The most recent major development, the Zawtika field was discovered by PTT in 2007 in a block southeast of Yadana. PTT is operator with an 80% stake to MOGE’s 20% under a 2003 PSC. The $2bn project is expected to produce 300m scfd, of which 80% will be exported to Thailand. Another 20% will be delivered domestically through a MOGE off-take pipeline. The project came on-line in March 2014. There were also two smaller but significant onshore gas finds north of Yangon in the 1990s: Shell discovered the Ahpyauk gas field in 1991, taken over by MOGE when Shell pulled out in 1993, and MOGE discovered the Nyaungdon gas field in 1999. Thanks to these finds Myanmar’s annual gas production surged from 60bn scf in the 1990s to 421bn scf in 2011, according to the US Energy Information Administration (EIA). Annual output is expected to reach 790bn scf by 2015 as Shwe and Zawtika ramp up production. By comparison, China produced 3.6trn scf in 2011, Indonesia 2.7trn, Malaysia 2.2trn, India 1.7trn, Thailand 1.3trn and Bangladesh 710m, according to the EIA.

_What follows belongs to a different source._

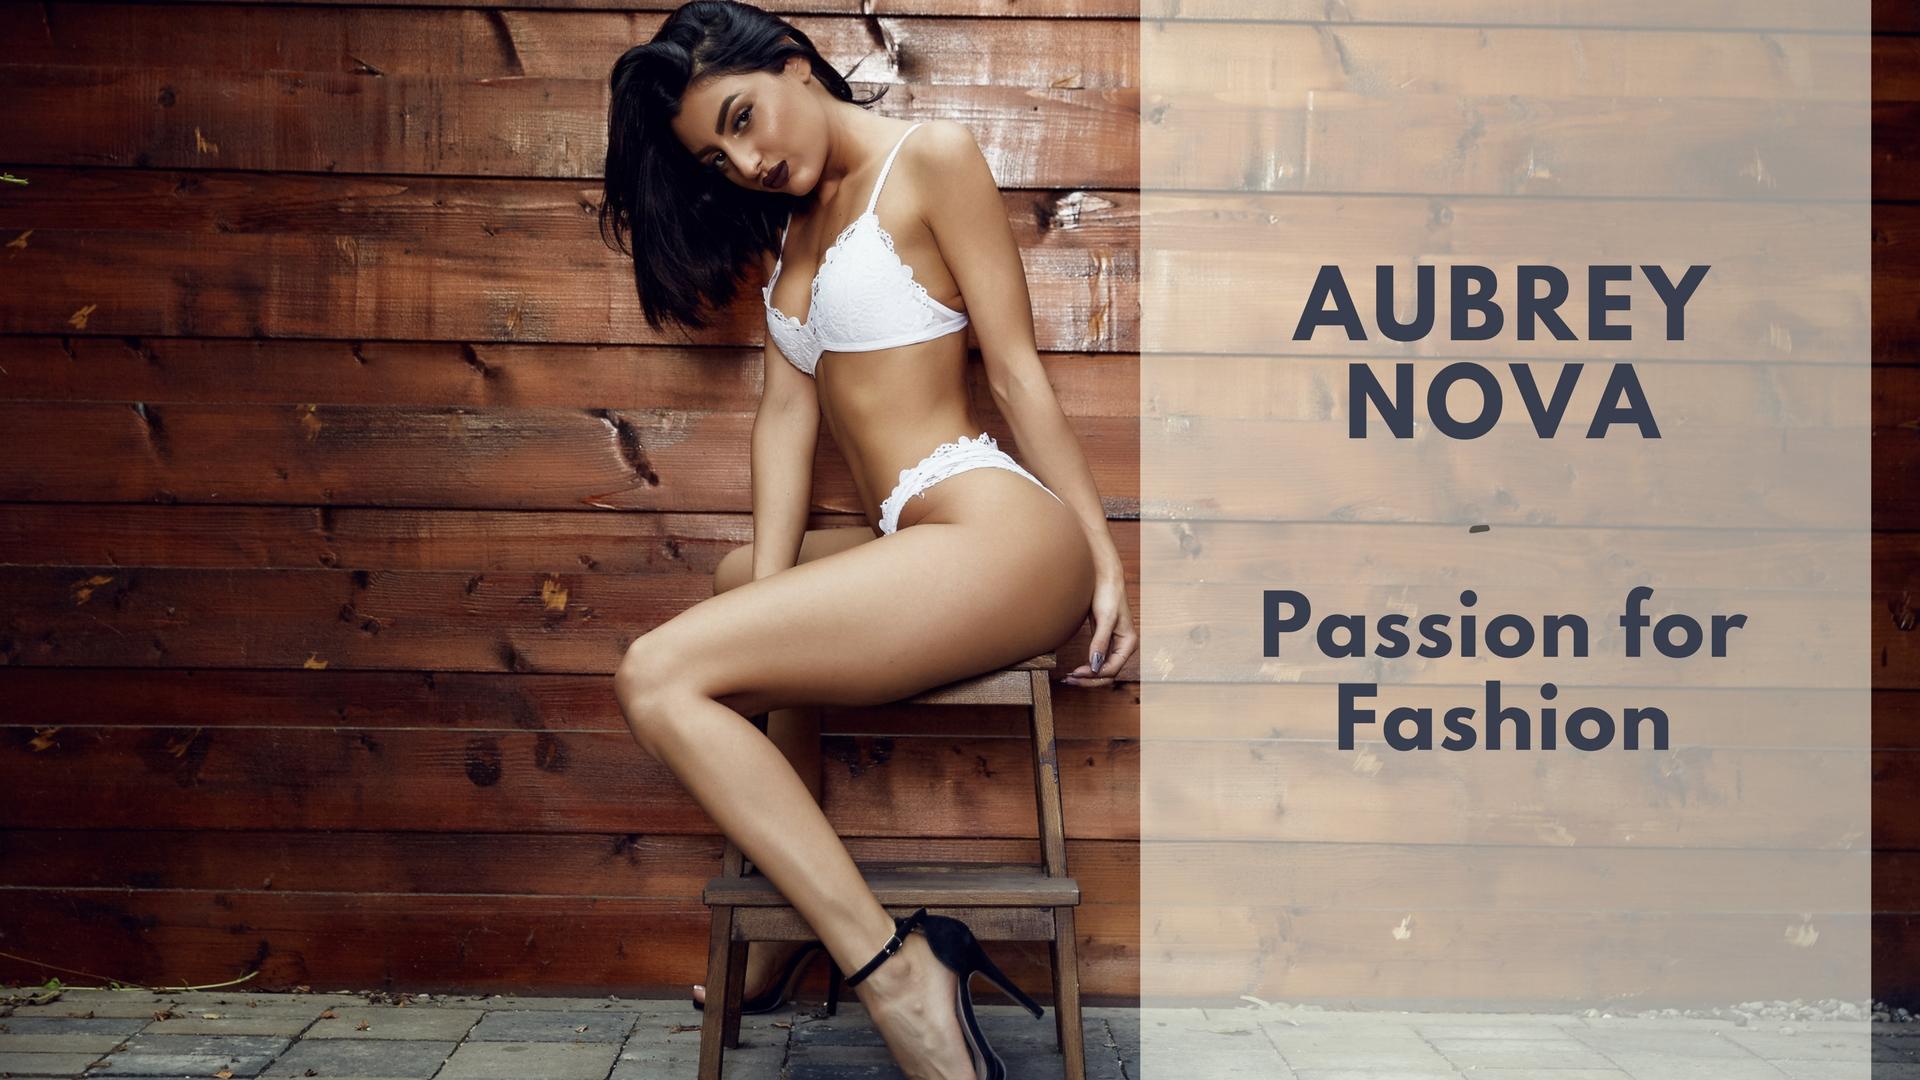 Aubrey Nova – Passion for Fashion

Brunei Darussalam’s well-established energy companies and engineering and consulting firms, are well placed to take advantage of emerging opportunities in the region. Over the next 18 months other countries in the region may offer unique partnerships as the Sultanate ramps up downstream activities. The implementation of the ASEAN Economic Community in 2015 will also help to mitigate cross border risks, offering Bruneian companies a chance to participate in lucrative projects.